I couldn’t pull enough air down into my lungs. I wished time would go backwards– back before Ben went away, back before they shot him, back the way it was yesterday.
“His brain? Is he paralyzed?” Amy Jones asked.
“Don’t know yet,” Grandpa whispered.
“What’s par-a-lized?” Lali asked. “Is it a pair of limes?”
“They want to know if he can walk,” I said.
“Course Ben can walk,” Lali declared.
“He’s in a coma,” Grandpa said. “They won’t bring him out of it until his brain heals some.” (22)

Fourteen year old Cam O’Mara can’t believe that his bull rider of a brother Ben has gone and gotten himself injured in the Iraq war. His parents neglect to inform him of the extent of his injuries, causing Cam to have quite a shock when Ben finally comes home. Stress at home leads to stress at school, as Cam’s grades start slipping and his friends don’t understand what he’s going through. Instead of skateboarding, Cam finds himself suddenly drawn to bull riding as his brother struggles with accepting his injuries. With a $15,000 prize on the line for riding a monster of a bull called Ugly, will Cam be able to solve the family’s problems?

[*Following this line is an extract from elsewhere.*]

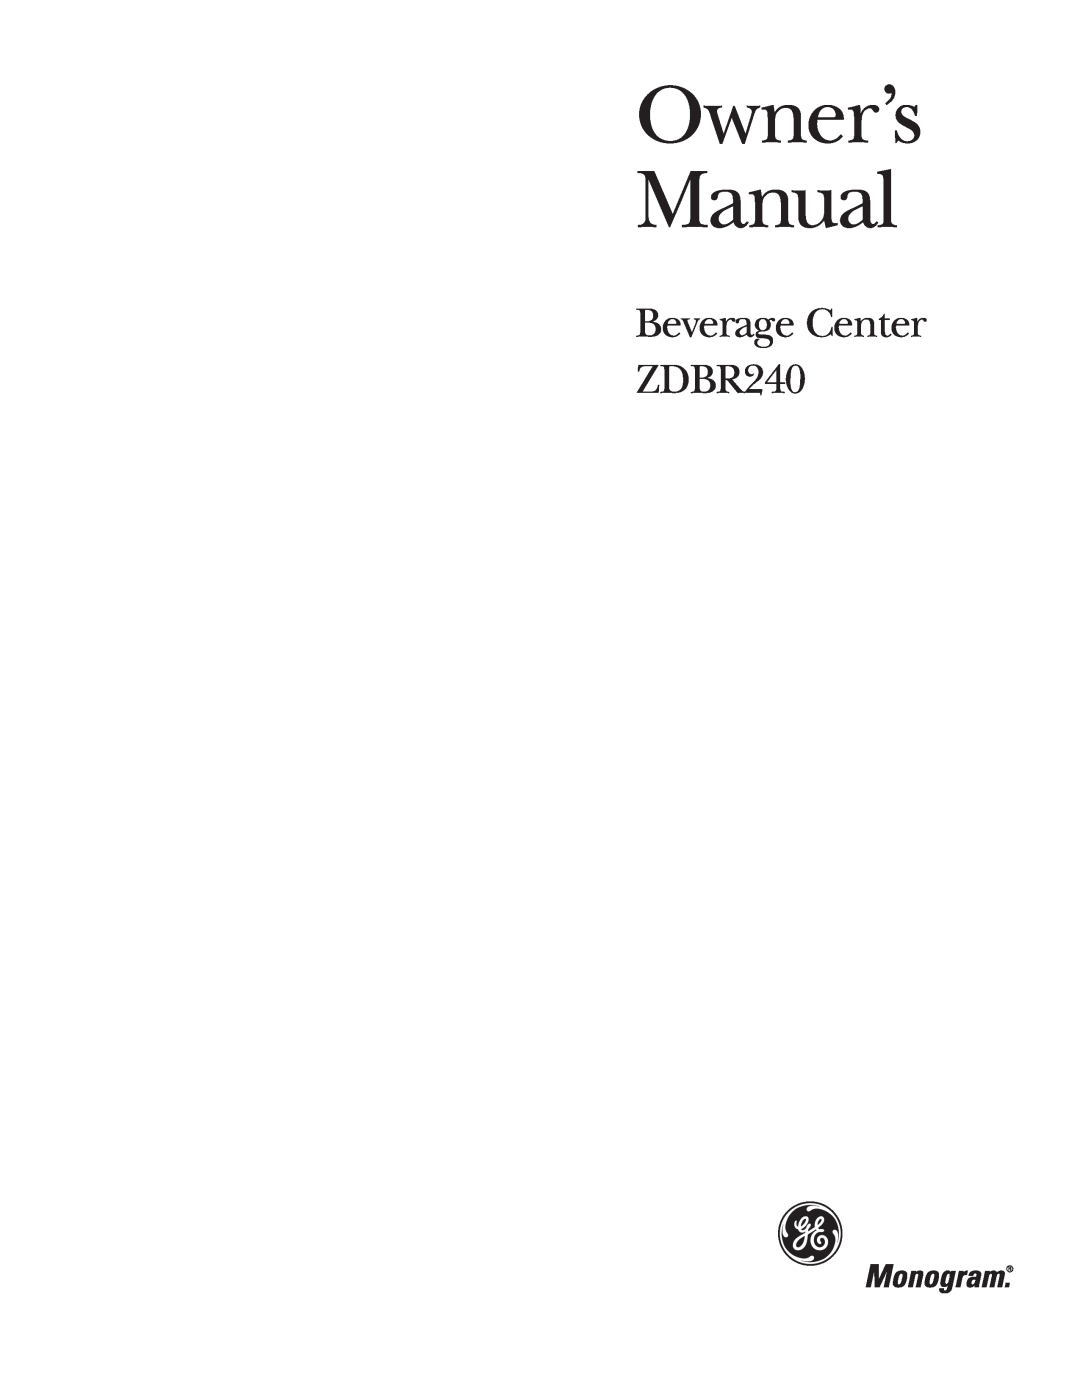 GE Monogram owner manual Owner’s Manual, Beverage Center ZDBR240

I think it’s interesting how many books are coming out recently where there is a family member who is injured or dies in the war. Operation Yes, Back Home, and now Bull Rider, just to name a few. Just like what I said about Back Home, I enjoyed the way Suzanne Morgan Williams portrayed not only Cam but also his brother and the rest of the family. Ben becomes depressed and is definitely struggling with accepting his new condition, and it’s intriguing to witness both his and Cam’s reactions. Grandma and Lali (the younger sister) are the comic relief, but it never goes overboard or strays from the core plot. The ending provides readers with the triumph of what they were routing for but the realism that it’s not going to happen the way you would like it to end. The love and thrill of the bull are evident in this piece, and Williams did an excellent job of portraying a down on their luck farming family and how they, along with the community, come together.